As the debate continues whether North Carolina should expand Medicaid, proponents claim that expansion money from the feds would create 25,000 jobs in the state – employment created by redistribution of taxpayer money. Katherine Baicker, health economist at the Harvard School of Public Health, articulately explains in the New England Journal of Medicine that an employment increase in the health care sector does not necessarily coincide with a significant improvement in patient health outcomes. It is possible that more can be done to help the most vulnerable individuals in need of medical assistance with fewer resources.

The goal of improving health and economic well-being does not go hand in hand with rising employment in health care. It is tempting to think that rising health care employment is a boon, but if the same outcomes can be achieved with lower employment and fewer resources, that leaves extra money to devote to other important public and private priorities such as education, infrastructure, food, shelter, and retirement savings. 

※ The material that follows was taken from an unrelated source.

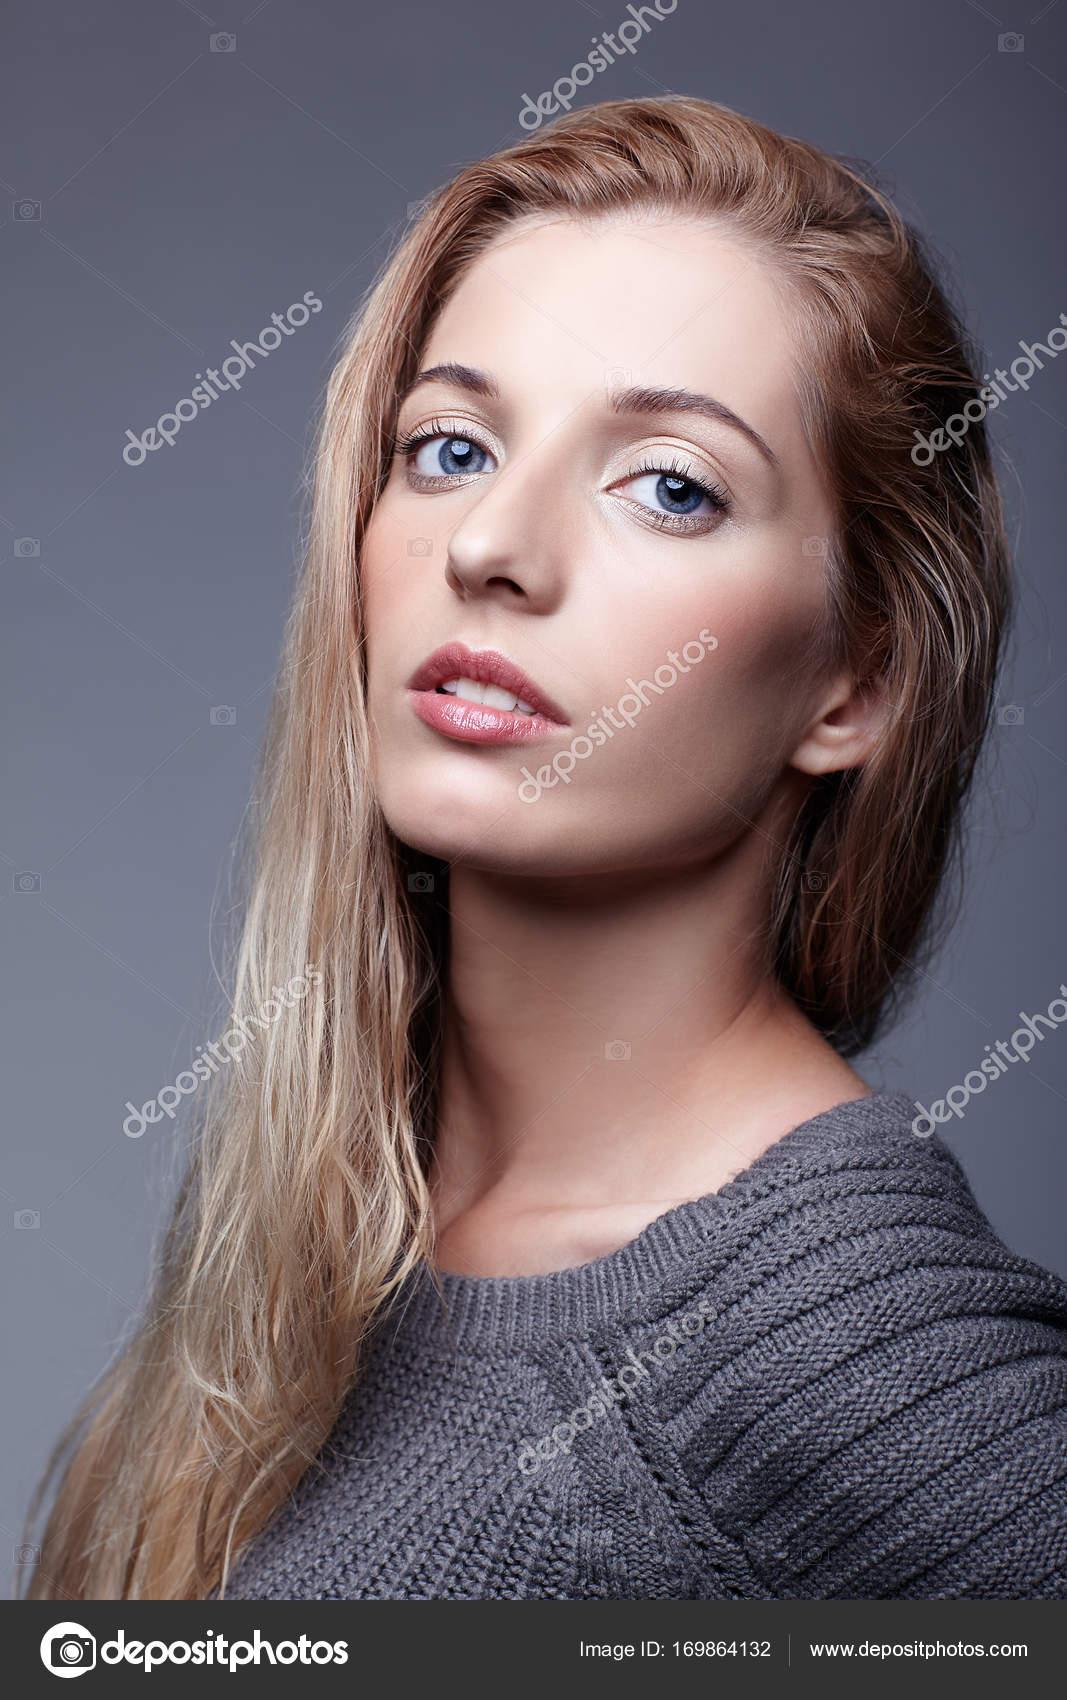 2d3730e2e39b Πορτρέτο της νεαρής γυναίκας σε γκρι μάλλινο πουλόβερ. Όμορφο κορίτσι σ — Φωτογραφία  Αρχείου

Salaries for health care jobs are not manufactured out of thin air — they are produced by someone paying higher taxes, a patient paying more for health care, or an employee taking home lower wages because higher health insurance premiums are deducted from his or her paycheck. Additional health care jobs leave Americans with less money to devote to groceries, college tuition, and mortgage payments, and the U.S. government with less money to perform all other governmental functions — including paying teachers, scientists, and social workers. That trade-off can be justified if it goes along with improved health outcomes, but not if those jobs do not generate benefits that exceed those of alternative uses.